When an injury happens, early steps matter because evidence is often under the facility’s control. Seek medical care promptly. Request an incident report and the names of staff who responded. Take photographs of the area, equipment, signage, route tags, padding, and any visible defects. Identify witnesses. Preserve the gear involved if it is yours, and ask that the facility preserve any relevant equipment, maintenance logs, training records, and surveillance footage. Do not assume video will exist or be kept; many systems overwrite quickly. Be cautious about post-incident forms that contain broad releases or admissions—those documents can shape the story long before the full nature of the injury is known.

In Washington, liability waivers are common in recreational settings, but they are not a free pass. The enforceability of a waiver often turns on its wording, how it was presented, and whether it clearly covered the particular risk at issue; even when a waiver applies, it may not protect against every category of misconduct. Cases may involve comparative-fault arguments—claims that the injured person ignored instructions, took an improper risk, or used equipment incorrectly—so careful documentation and early case framing are essential.

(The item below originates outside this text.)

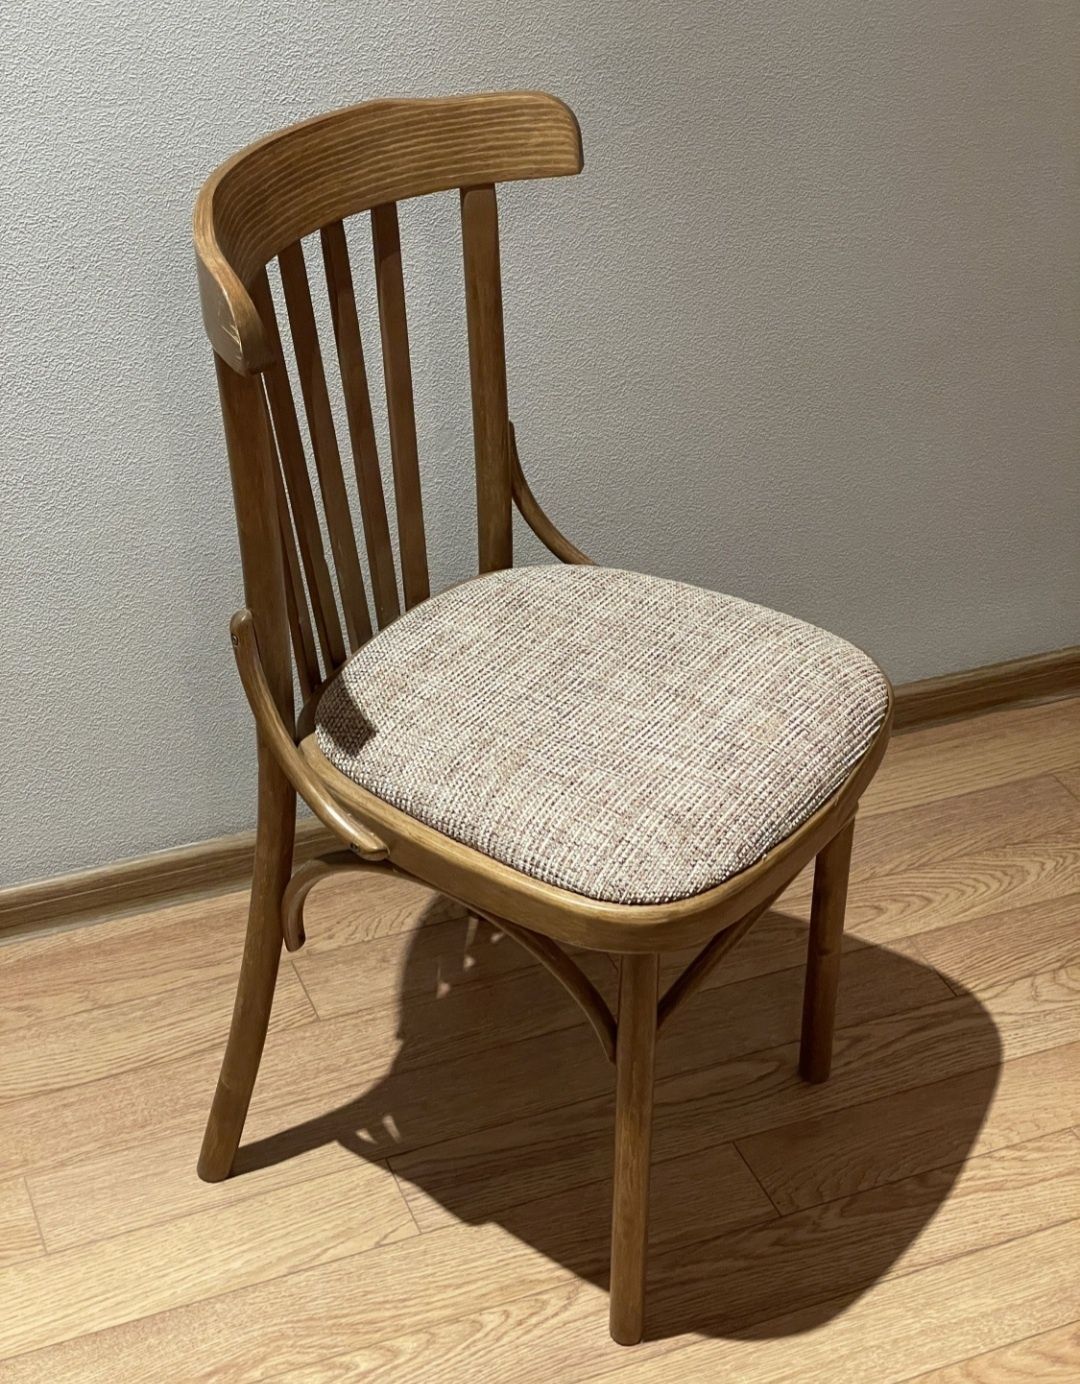 Продам ретро винтаж стулья кресло

These matters typically progress on a disciplined track. The first phase is investigation and preservation: identifying the precise mechanism of injury and securing the evidence that proves it. The second phase is technical development: assessing equipment condition and maintenance practices, reviewing training materials and safety policies, evaluating staffing and supervision, and consulting experts when needed (engineering, human factors, biomechanics, or industry-standard specialists). The third phase is claim presentation and negotiation—often after a clear liability narrative and damages picture has been built—followed by litigation if the facility or insurer disputes responsibility or undervalues the harm. The objective is straightforward: distinguish inherent recreational risk from preventable safety failure, and pursue accountability that matches the seriousness of the injury and its long-term impact.